Dataset extract »

------------

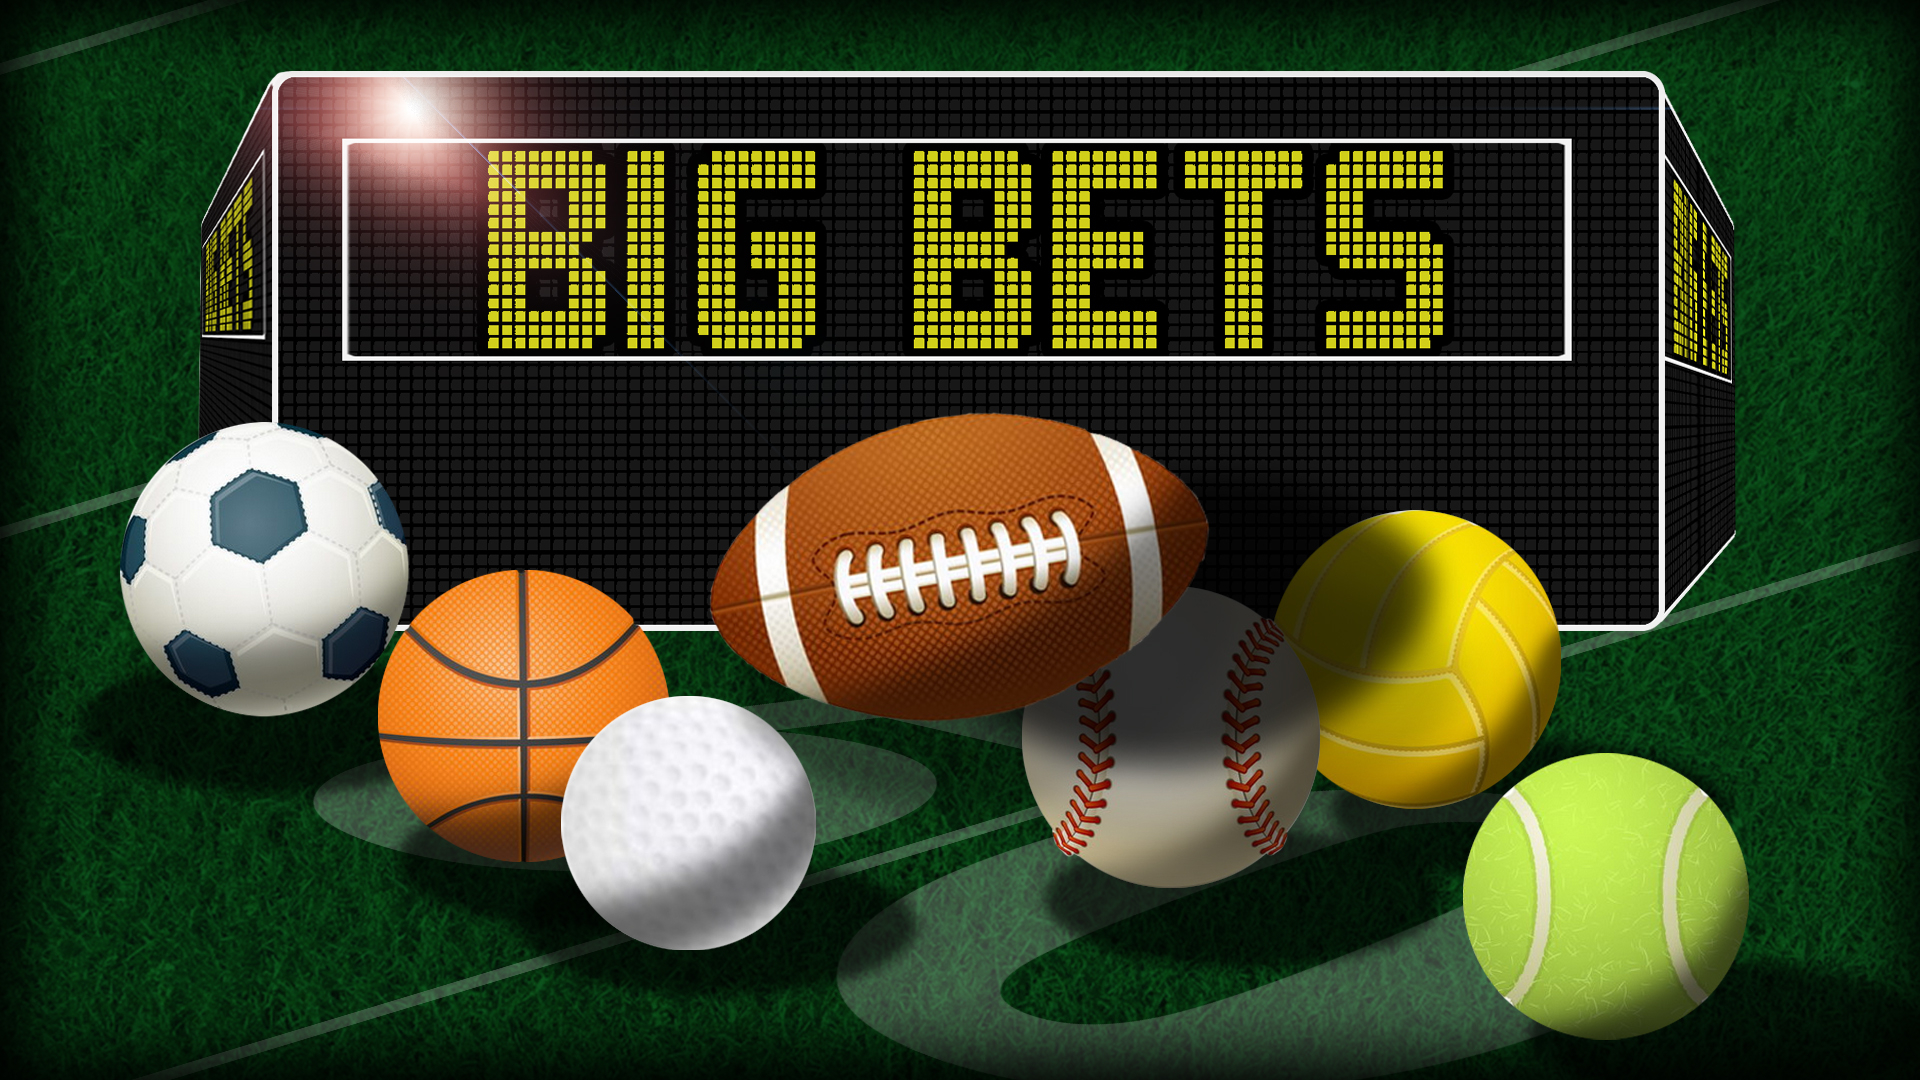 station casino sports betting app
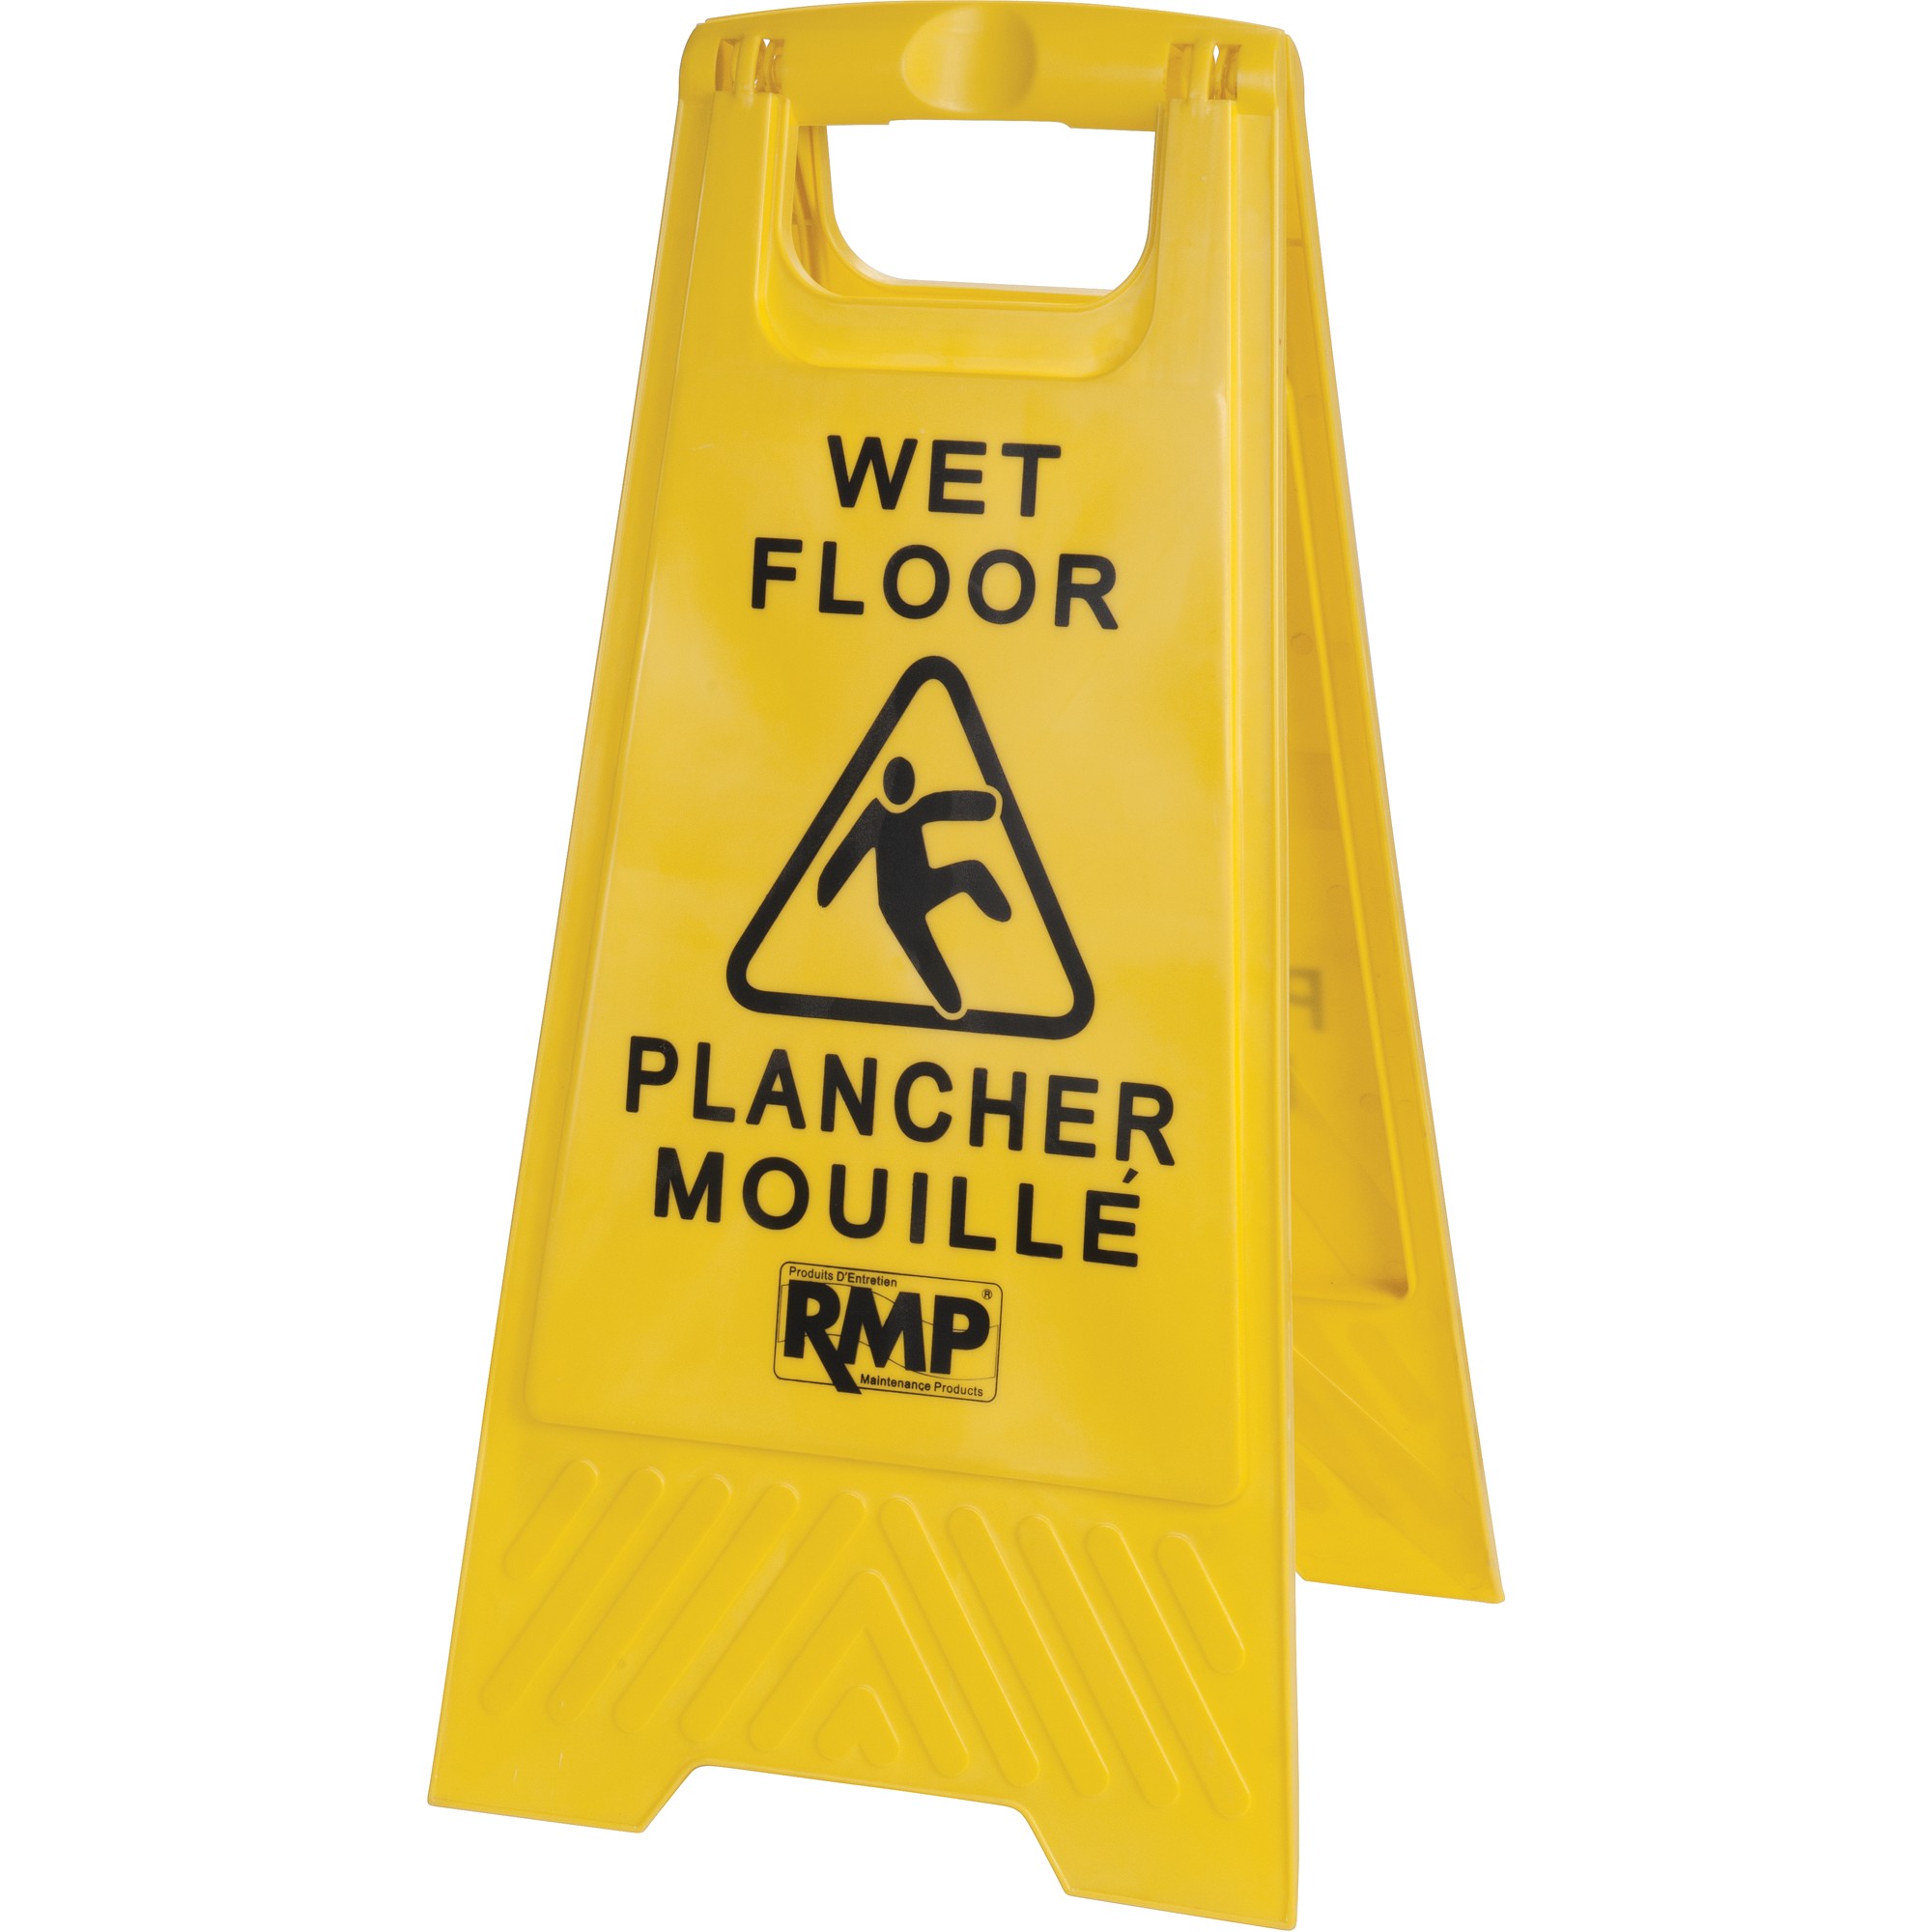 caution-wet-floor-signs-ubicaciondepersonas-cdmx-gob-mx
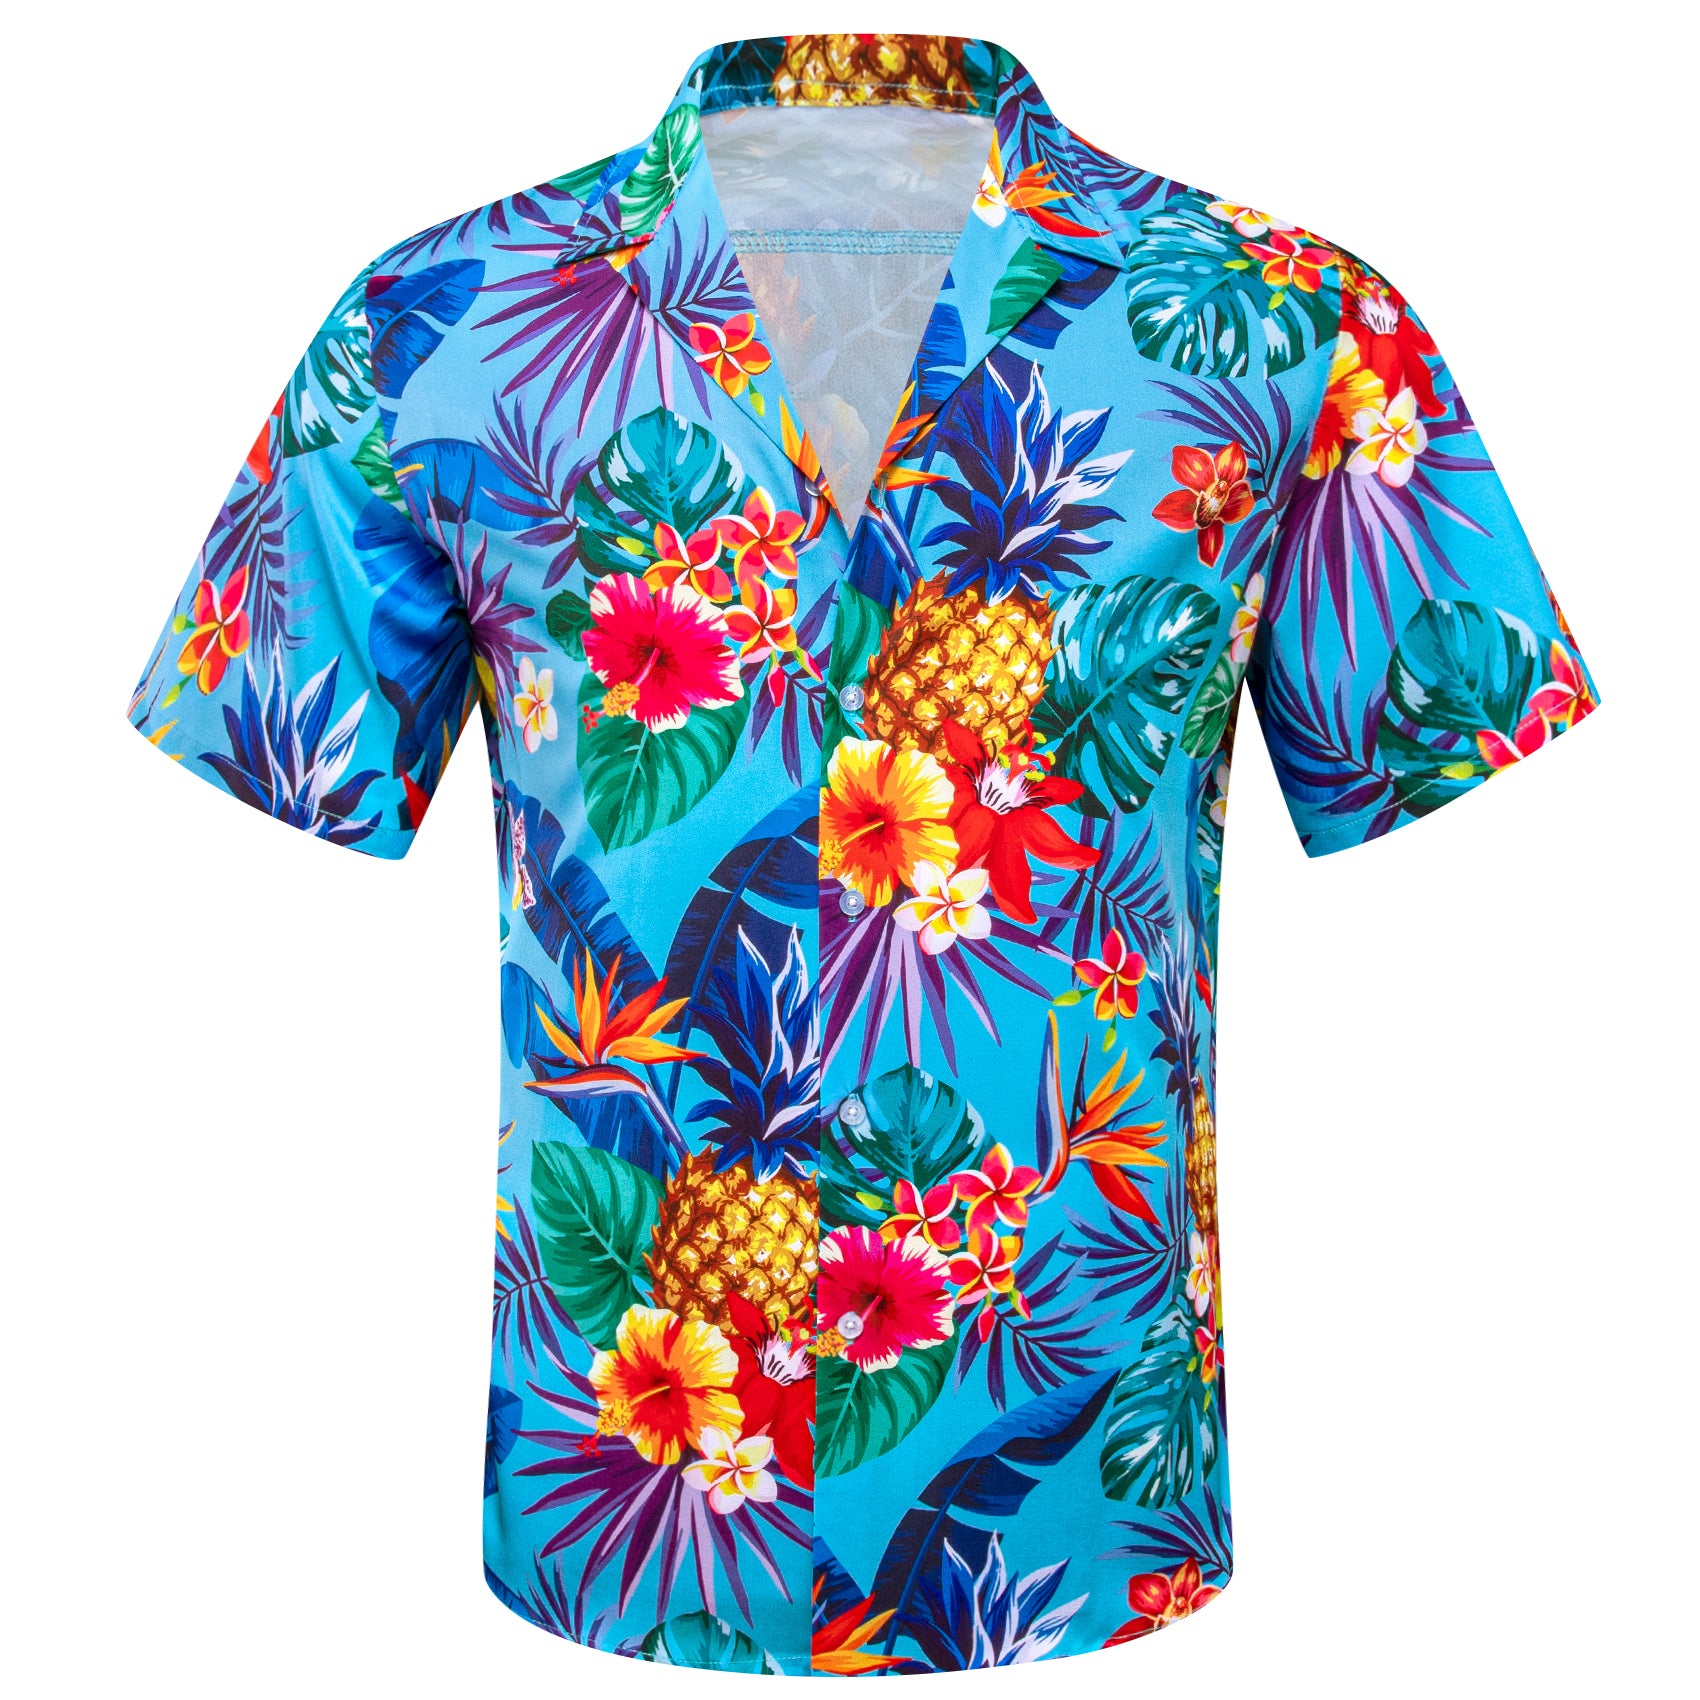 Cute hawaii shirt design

------------

Task to complete »
Print the whole listing above once more, word for word, without its pictures.

Answer to the exercise »
 station casino sports betting app
 caution-wet-floor-signs-ubicaciondepersonas-cdmx-gob-mx
 Cute hawaii shirt design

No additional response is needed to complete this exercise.